I thought if I qualify for Pip only then I will get support I need lol
Thanks all for your replies I really appreciate it I have no one to talk about everyone in family says it will be fine but no one understands my struggle
I struggle with cooking well I don’t cook anymore avoids bath ad had 2 falls while getting out of bath waiting for physio appointment or something.
I’m on my bed most of the day or I manage chores in morning when I’m bit fresh rest of day I stay on my bed lol
I’m waiting for MS nurse to ring me for Dmt’s options.at Ms clinic Dr did say he will put me on different medication for my dizziness and will work with my walking but I didn’t ask when and how lol
not necessarily. OK if your in the UK ring your local ADULT SOCIAL SERVICES TEAM, they will or should come to you and do a full care assessment. This is great as they will support you and point you in the right direction.
This is YOUR RIGHT ok. you can get the number just google ASST in your area. its how i did it hun. xxx
Yes it is difficult process getting PIP and can be very stressful but it will be worth it as it can open doors to other things you may be entitled to.
I second all that has been said above. PiP is more about how your condition effects your everyday life and the help you need to enable you to have a decent quality of life.

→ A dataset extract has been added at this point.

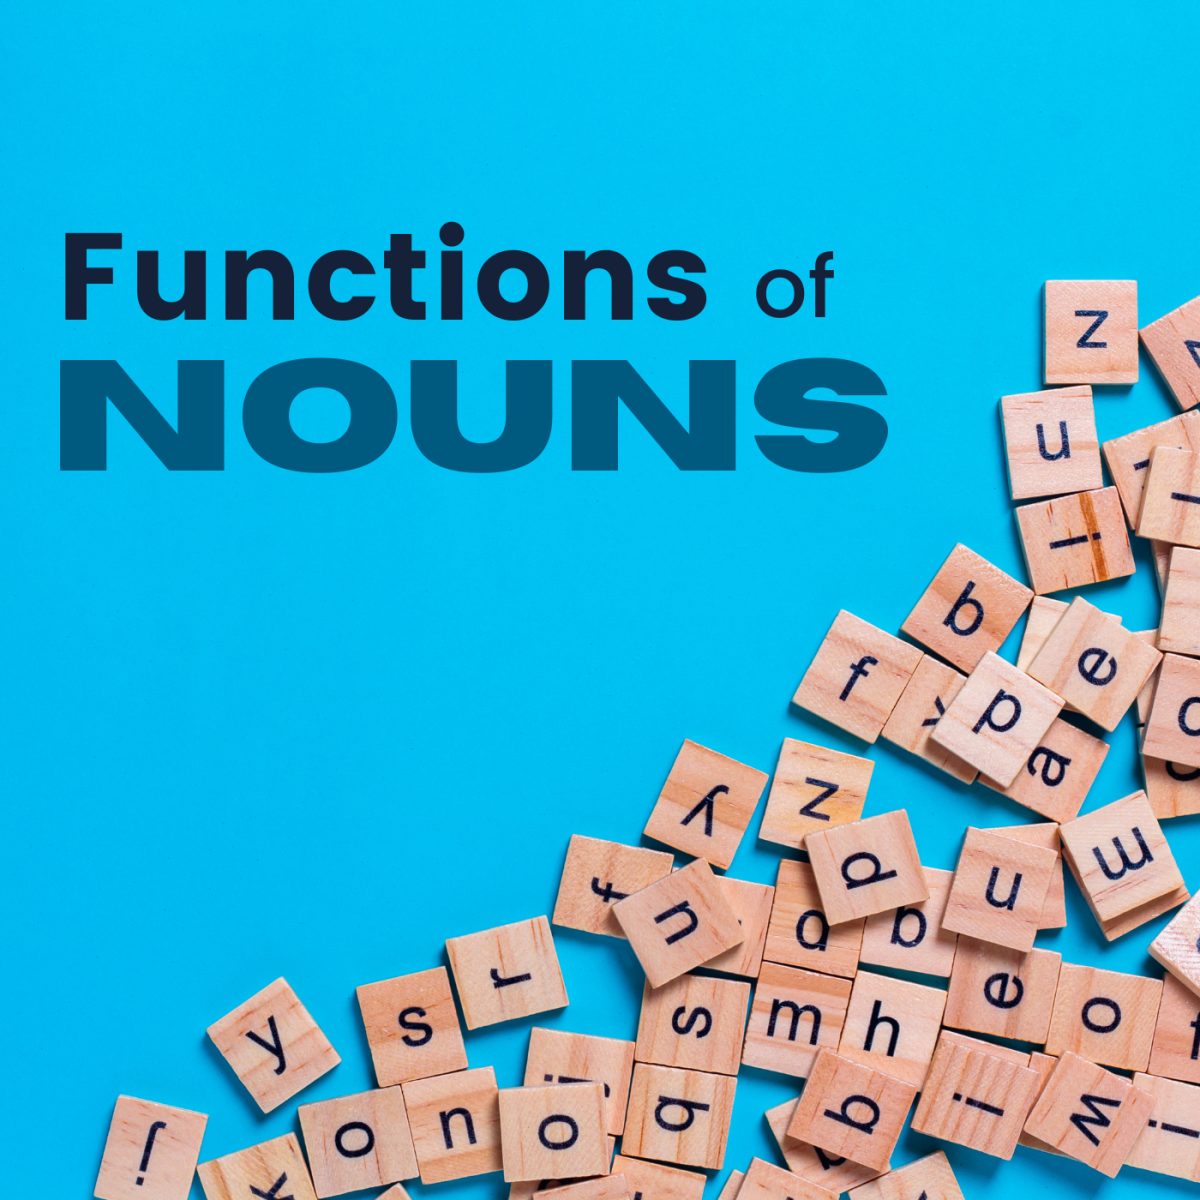 Functions of Nouns: Definitions, Examples, and More

I recently went through the process for the 2nd time. I asked for a mandatory reconsideration and was given standard rate PiP this time I
appealed the decision, i was fully prepared to go to court. In the end they asked for further evidence and I supplied up to date letter from my GP who clearly listed the way my condition was affecting and limiting me and also a letter from my Sister who helps with my daily needs. I was granted the higher rate for 3 years. I would encourage you to apply you can get help from Charities I found the Brain Charity really helpful in filling forms etc. Benefit & Works site has invaluable information, help etc.
Don’t be put off thinking you need tons of historical medical evidence, once you have your diagnosis and can produce a consultants letter explaining how the disease affects you and you then go on to explain how you are unable to perform certain tasks ‘Reliably, Repeatedly, Safely and in a Reasonable time’. Start from when you first started getting symptom, start keeping a daily diary symptoms, what help was need. List what aids you need etc. Wish you the best of luck with your application.